Netrin and TRIM9-dependent changes in the distribution of exocytosis. (A–C) Individual data points and box and whisker plots of peak ΔF/F (A), t_1/2 (B), and major/minor axis (C) of VAMP2-mediated exocytosis in Trim9^+/+ and Trim9^−/− cortical neurons, treated or untreated with netrin-1 (n = 562, 632, 643, and 673 exocytic events per condition, respectively; box represents median ± IQR, whiskers reach minimum and maximum values within 1.5 times the IQR). (D) Heat maps of density of exocytosis. (E) Individual data points and box and whisker plots of frequency of VAMP2-pHluorin–mediated exocytosis (n = 17 cells per condition). (F and G) Frequency of VAMP2-pHluorin–mediated exocytic events in the soma (F) and neurites (G). (H) Ripley’s L(r) function applied to the soma and neurites. The data line and pink surrounding SEM represent untreated, and the data line and surrounding blue SEM represent netrin-1–treated neurons (n = 17 cells per condition). (I) 1D Ripley’s L(r) function of exocytic events over time (n = 17 cells per condition).

Figure 5.

Different domains of TRIM9 modulate specific parameters of exocytosis in neurites. (A) Domain organization of mouse TRIM9 (top) and domain mutants that lack the ubiquitin ligase containing RING domain (TRIM9ΔRING), the DCC binding SPRY domain (TRIM9ΔSPRY), or the CC motif (TRIM9ΔCC), which mediates TRIM9 multimerization and interaction with SNAP25. (B–D) Box and whisker plots of frequency of VAMP2-pHluorin–mediated exocytosis across basal plasma membrane of neurons (box shows median ± IQR, whiskers reach minimum and maximum values within 1.5 times the IQR). (B), neurites (C), or soma (D) in Trim9^+/+ and Trim9^−/− neurons expressing the indicated TRIM9 domain mutants (n = 17 for each condition; *, P < 0.05; **, P < 0.005).
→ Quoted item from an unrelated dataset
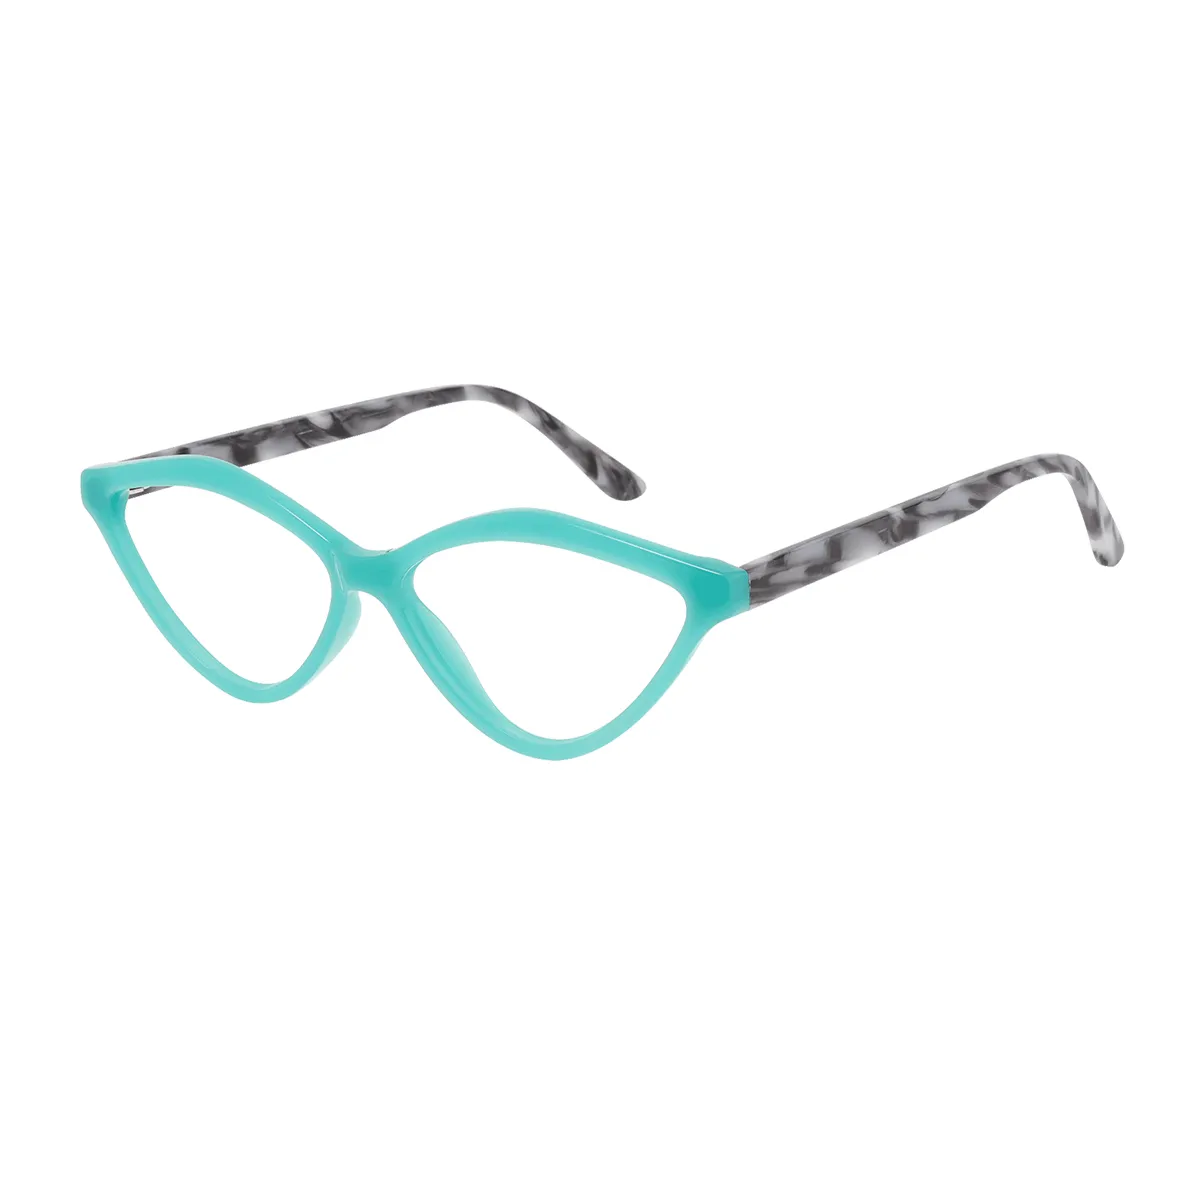 Naomi - Cat-eye Green-Tortoiseshell Glasses for Women

See Fig. S5.

Figure 6.

Distinct spatiotemporal organization of fusion of different vesicles pools in melanoma cells. (A) Box and whisker plots of frequency of VAMP7-pHluorin– and VAMP3-pHluorin–mediated exocytosis in VMM39 melanoma cells (n = 9 cells/condition; box shows median ± IQR, whiskers reach minimum and maximum values within 1.5 times the IQR). (B) Heat maps of density of VAMP7- and VAMP3-mediated exocytosis in representative VMM39 melanoma cells. Solid white line demarcates longest axis of the cell. Dashed perpendicular lines indicate minor axes 10 µm from the tips of the longest axis. The area encompassed from the edge of the cell to the dotted lines were measured to define a larger and smaller end of the cell. (C) Box and whiskers plots of number of exocytic events normalized to the larger end, middle, and smaller end of the cell. VAMP7-mediated exocytosis was polarized to the larger end of the cell (n = 9 cells). (D) 2D Ripley’s L(r) function applied to the spatial occurrence of VAMP7- and VAMP3-mediated exocytic events (n = 9). VAMP7-mediated events exhibited nonrandom clustering at all distances measured, whereas VAMP3-mediated events were dispersed at larger distances in regularly spaced clusters 1.5–2.5 µm in size. (E) 1D Ripley’s L(r) function applied to the temporal occurrence of VAMP7- and VAMP3-mediated exocytic events. Both VAMP7 and VAMP3-mediated events exhibited random temporal occurrence. See Video 5.